Nel 13eme hanno ricavato un minuscolo parchetto urbano (ma è un mail, in verità) tra un boulevard e un complesso di brutte case popolari
anni Settanta. Due tavoli da ping pong, due calciobalilla. Otto panchine, due per lato. Qualche ciliegio, aiuole curate, tutto sommato. Quello che forse è un potager partagé e se lo è vorrò farne parte.
Ho due ore di nulla e mi siedo a prender i miei raggi, a leggere dell’Etiopia e del Land grabbing. Fa fin caldo, arrotolo le maniche e metto gli occhiali da sole.
Sulle panchine una ragazza alza la gonna per abbronzarsi le gambe, una signora legge Paris Match, che è forse la sola rimasta. Una signora siede a cavalcioni, dando le spalle al sole, che brucia, se sei nato sopra la Loira. Una suora, che ormai mi dà lo stesso senso di esotico di una petite tonkinoise in una canzone coloniale. Due innamorati, lui nero che divora un grec e le patate fritte da un contenitore, lei bionda sfoglia una rivista con la svogliatezza di quando ti va tutto bene. “Se consideri la qualità, non l’abbiamo neanche pagato tanto…” dice lui, riferendosi a una cosa cattiva che ha comunque pagato qualche euro, e io non so.

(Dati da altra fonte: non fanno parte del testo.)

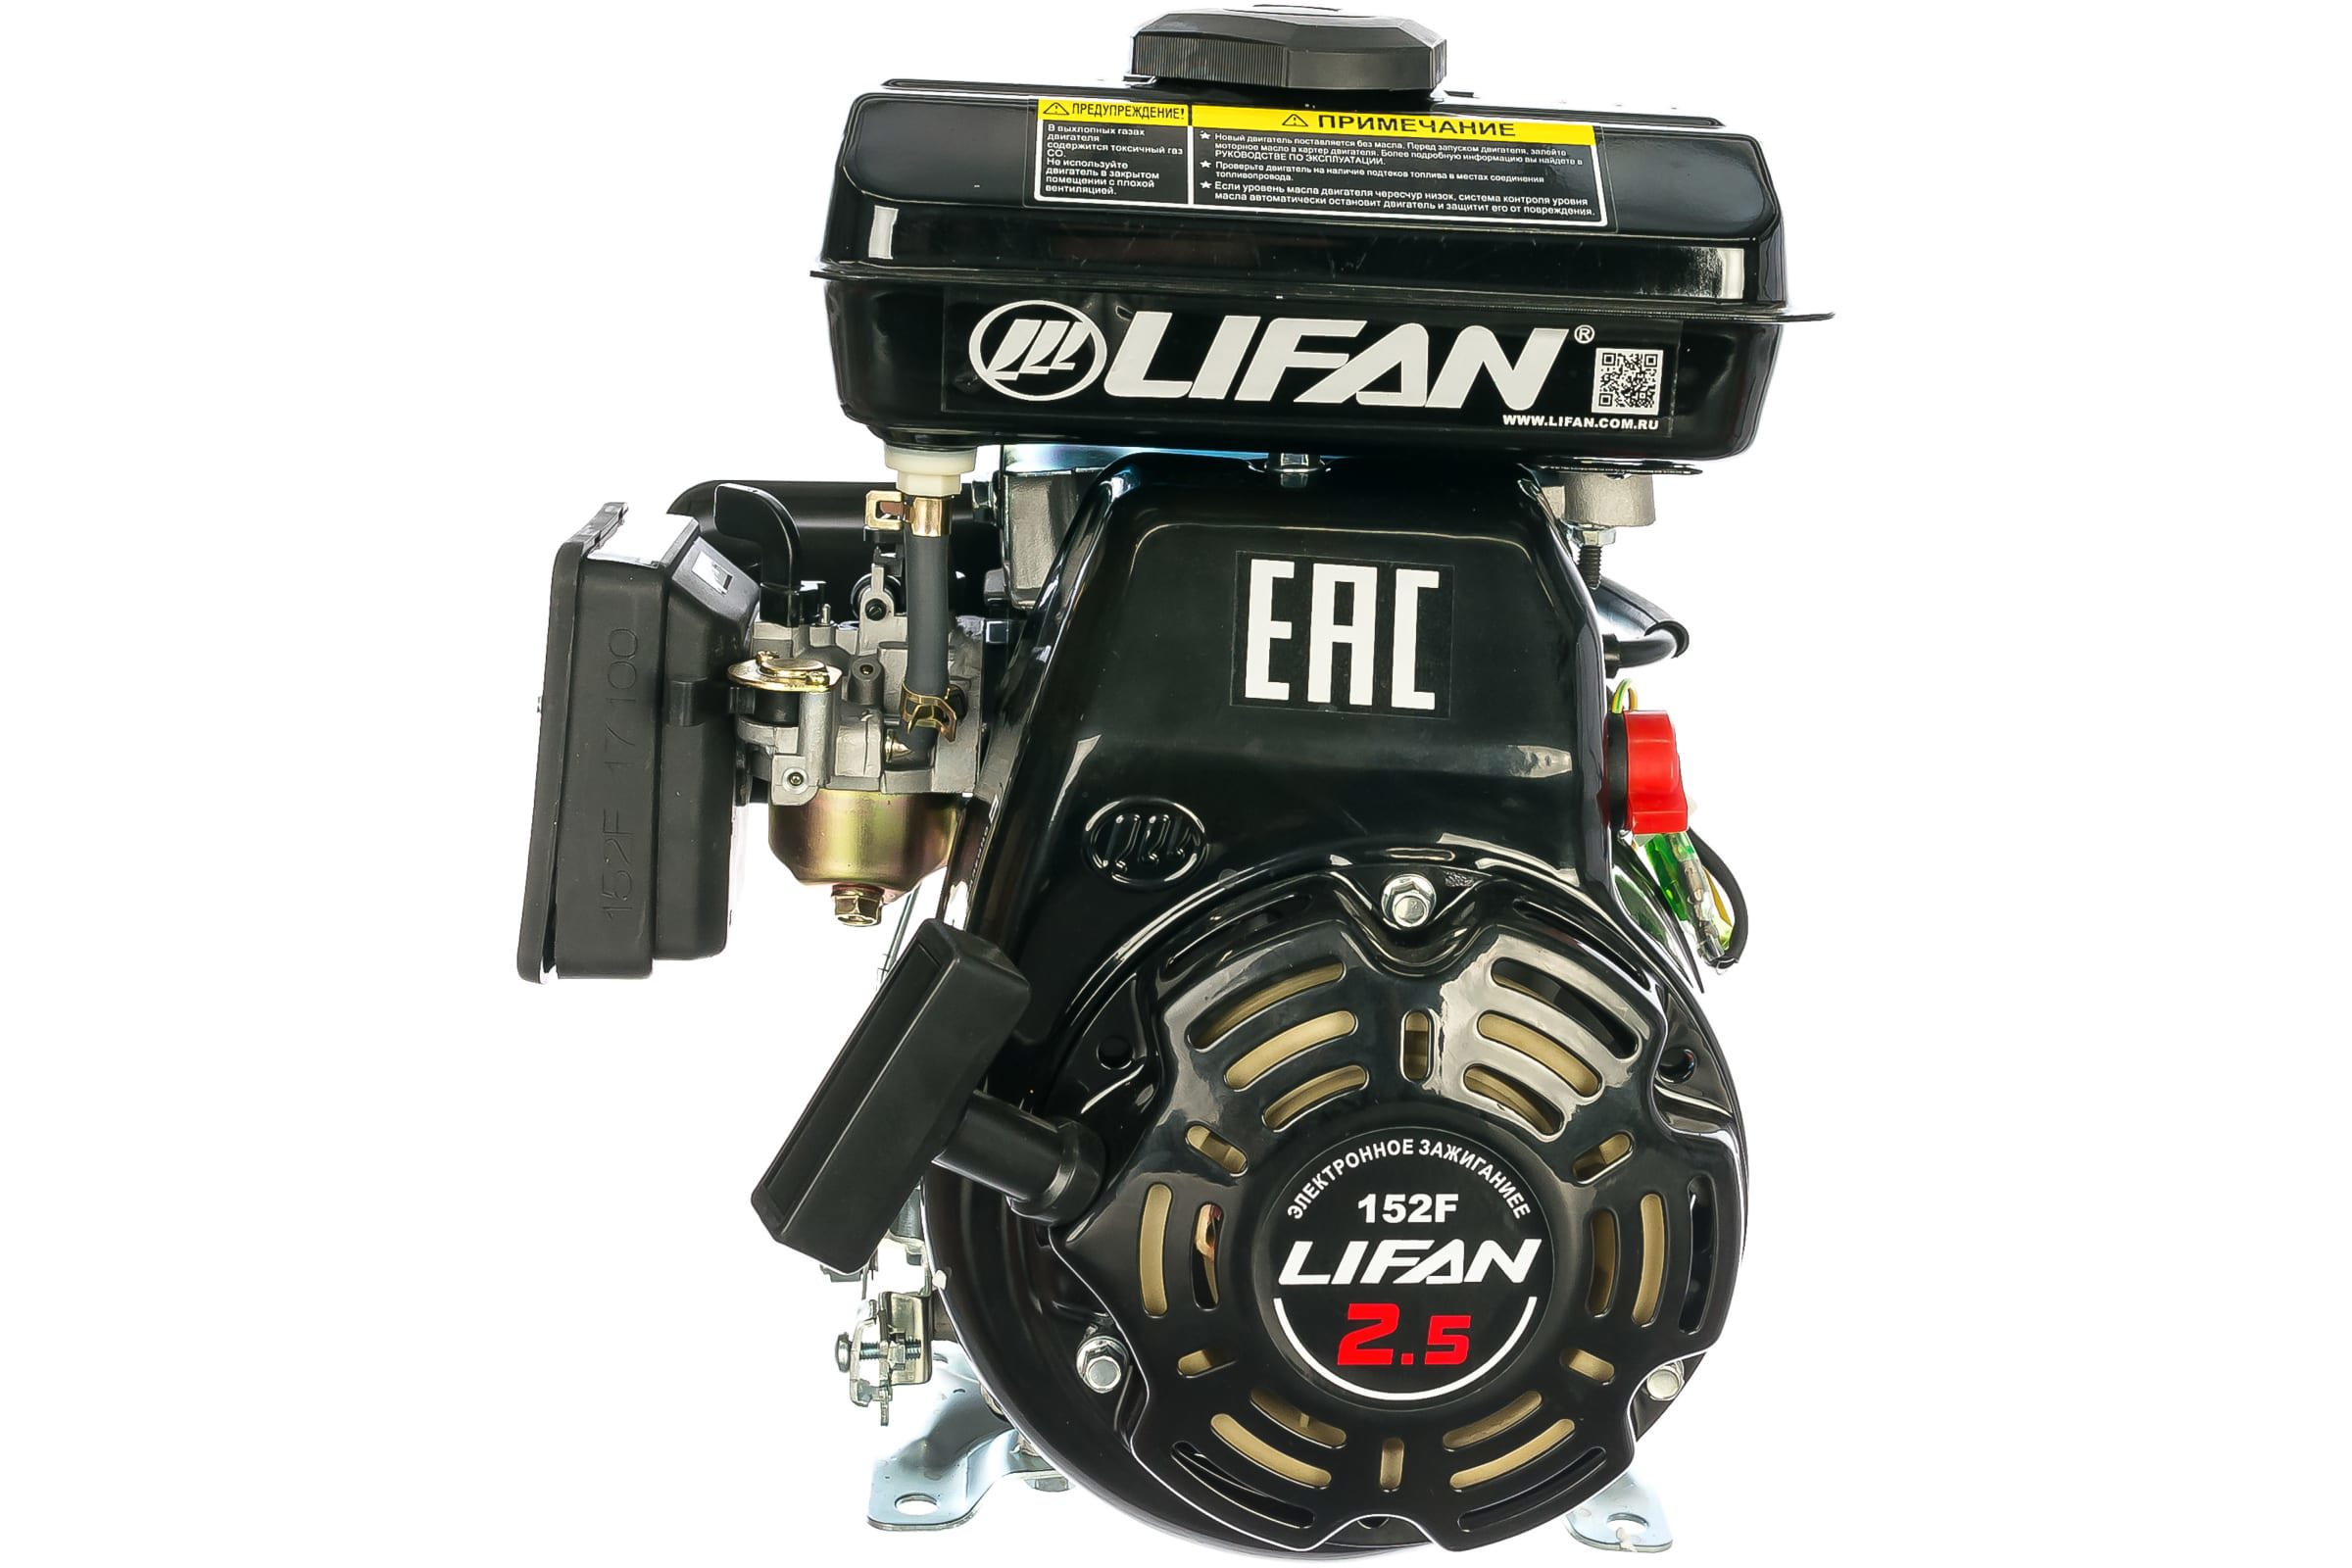  бензиновый LIFAN 152F (2,5 л.с.)  –  по низкой .

Mi godo il caldo e la quiete che il boulevard non rumoreggia e i rumori son rumori intimi, di case, di radio e bambini, di piatti sbatacchiati. E mi pento, e son contento del pentimento, di aver messo calzini troppo pesanti.
Bellissimo, sai, questo racconto, un fotogramma di alcuni istanti, persone, colori, un luogo definito e vero.
E’ un piacere leggerti, scrivi di più, dai 😉
Eh! Sei sempre così gentile, grazie! Vorrei! Dovrei trovare pace e tempo!
stai diventando molto francese, sai? questa descrizione era un po’ amelie poulain e un po’ pennac. ci piace.
tu trovi? non so, sai? mi sento pascoliano, piuttosto…
ti dirò: dopo le superiori, credo di non aver mai più dedicato mezza frazione di secondo a pensare a pascoli. neanche studiando lettere. per questo mi viene più spontanea amelie.